Yıkım | Real Sociedadlı futbolcular gol sevincini yaşarken Messi'nin üzüntüsü
Daha kötüsü olamazdı. Yavaş tempoda başlayan maç, Alex Song'un 32. dakikada kendi kalesine attığı gol ile kötü bir başlangıca dönüştü. Ancak Barça, gole çabuk cevap verdi. Lionel Messi, sadece 3 dakika sonra kendisiyle klasikleşen tipik gollerinden birini kaydetti.
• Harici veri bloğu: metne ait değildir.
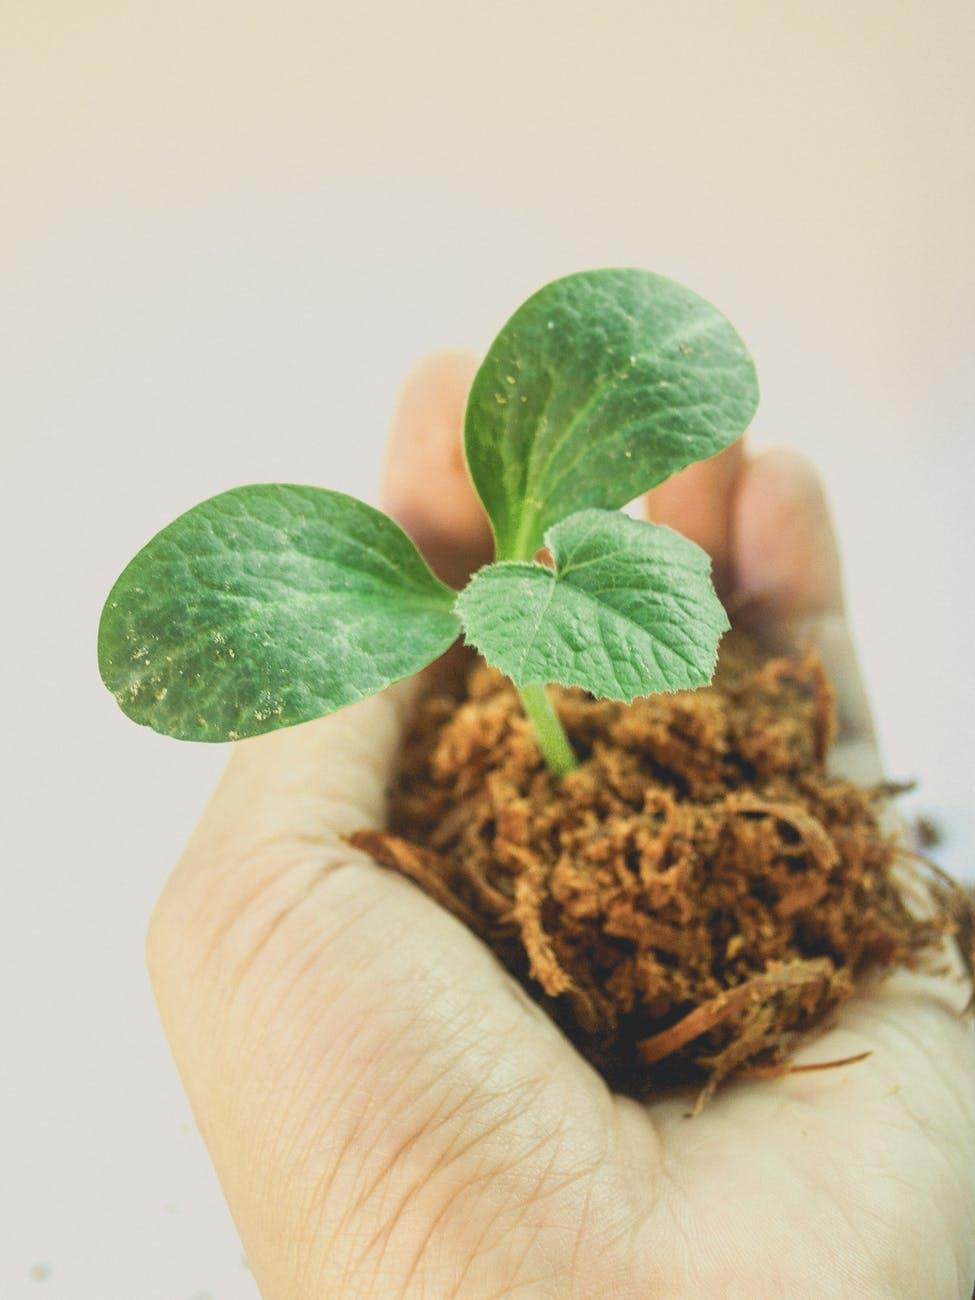 Plant a sapling. Save the environment

Ancak bu gol, fazla bir anlam ifade etmedi. İkinci yarının ilk düdüğünden 9 dakika sonra Griezmann, tekrar takımını öne geçiren sayıyı skor tabelasına yazdırdı. Maçta 1 saat geride kalırken, bu sefer sahneye David Zurutuza çıktı ve Katalanlara daha öldürücü bir darbe vurarak farkı 2'ye çıkardı. Bu dakikadan sonra Barça'nın maçı çevirmesi zor gözüküyordu. Carlos Vela'nın direkten dönen topu, belki de onları farklı bir hezimetten kurtardı.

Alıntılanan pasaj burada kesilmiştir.